Stocks Historical Returns

The S&P 500 has averaged 10 percent return a year. Through bear markets and bull markets it has averaged this return through all its years. The market has had some extremely high returns and also some very large drawdowns, (depending on when you entered the market of course.) One should be prepared to also see these ups and downs once invested in the market. Remember to stay in and even better, increase your overall shares. Market crashes are opportunities to purchase shares at a lower price. Here listed, are some of the worst drawdowns the market has witnessed.

  • The Great Depression (1929-1932):

This period witnessed the most severe drawdown in S&P 500 history, with an 86% decline over 34 months. Seeing a decline like this could make even the most disciplined investor sweat..

  • Black Monday (October 19, 1987):

On this day, the S&P500 dropped 20%. A significant drop

  • The Dot-Com Bust (2000-2013):

This large draw down was caused by a tech craze, and resulted in a 49% loss in the market's value.

  • Covid 19 Crash (2020)

The S&P500 had crashed from 3.38k on Feb.19 2020, to a low price of roughly 2.24k on march 23, 2020.

Listed below is a chart showing some of the worst declines for the S&P500

With that being said, we can be prepared to see very bad market crashes throughout our investing career. Recognize that this is perfectly normal and to just stay in the market. If you are still working a job, career, or running a business, then you can take this opportunity to purchase more shares at a lower price. If you are living off of your investment portfolio, and you have a 25 percent bond allocation (VBTLX, a total bond market index fund) then a market crash would be a good time to sell your bonds and purchase stocks (VTSAX, a total stock market index fund) to keep your 75/25 percent allocation in tact. Bonds in your portfolio would act as an income if you are no longer receiving a normal income from a job or business. The bonds will retain price and are not volatile, while paying a bond yield, 3-4 percent. Stock crashes will not be so harsh having this allocation. 100% stocks would offer higher returns, but the crashes may cause more stress on your sanity. Every investor has his or her own stress threshold but for me, a 75/25 allocation will do just fine.

Now that we know that we will see bad times.. Lets remember that we will also see very good times in the stock market with substantial returns! Not all is bad in the market all the time.. Take for example the last 5 years, currently VTSAX is sitting at $127 dollars a share at the time of writing. Up over 100% from the covid pandemic low price around March of 2020. Recently Tariffs from April 2 “Liberation day” created a volatile stock market, causing the price to go from a peak of $147 down to $127 a share or -13% Personally, I recommend not watching the news as it is filled with too much noise and nonsense.. Just stay in the market and depending on your timeframe horizon, you will do well.

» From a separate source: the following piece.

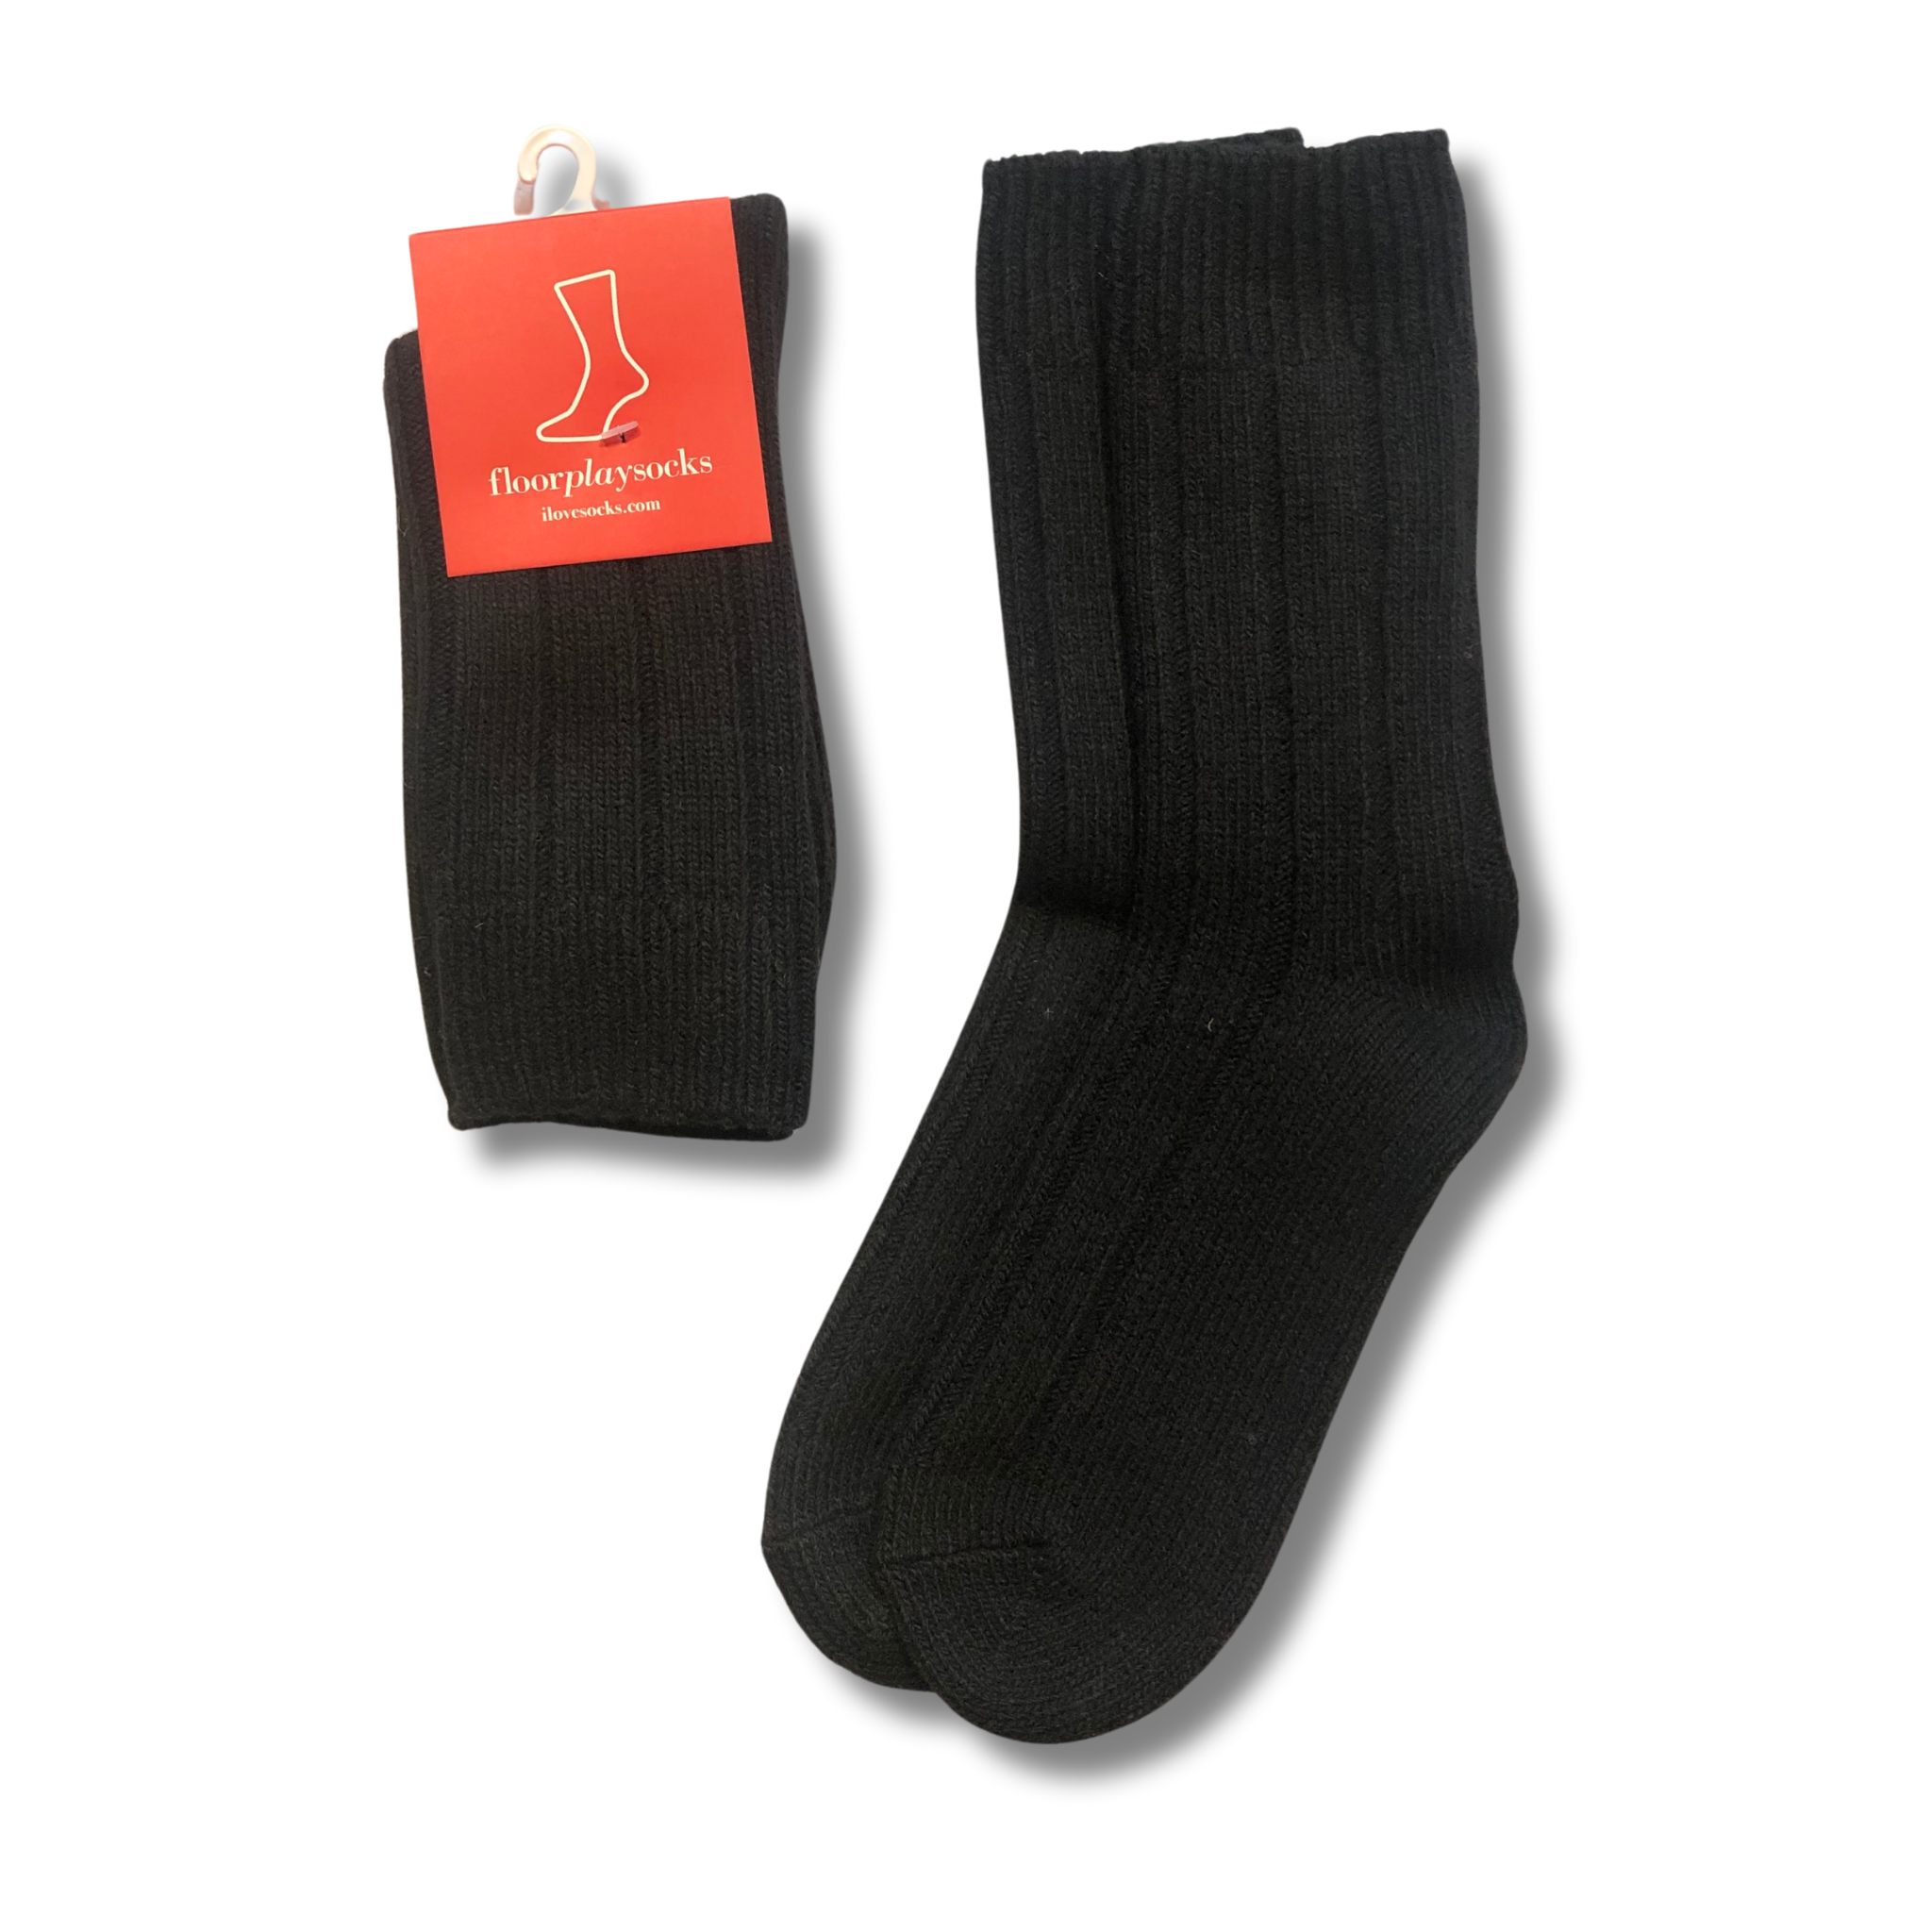 FPS Wool Boot Socks (Women's)

Ok, now lets zoom out a bit…

From June of 2011 to Feb. of 2025s peak, had you been in the market, your stock portfolio would have grown 344%. Now that is awesome. 344% over 13.6 years would have yielded an average return of 24.5% a year. 24.5% a year return would make any investor look like a genius, but you can see these returns without having to look at the market and even better, without spending hours looking at charts. I’ll say it once and I’ll say it 100 times. “Time in the market is more important than timing the market” (and less stressful). You guys have heard the phrase, don’t just stand there! Do something! Well me and others, (Jack Bogle) have another saying, a better saying.. Just stand there! Don’t do anything! The latter of the two, funny enough, will actually make you wealthier.

Refer below to times the market has seen very high returns

With all this being said, rememeber that stock market returns can fluctuate up and down, but ultimately an average of 10 percent return a year will be achived over the long term. During stock market crashes, pandemics, world wars, political clashes etc. etc. Stay in the market long term and do nothing!!!!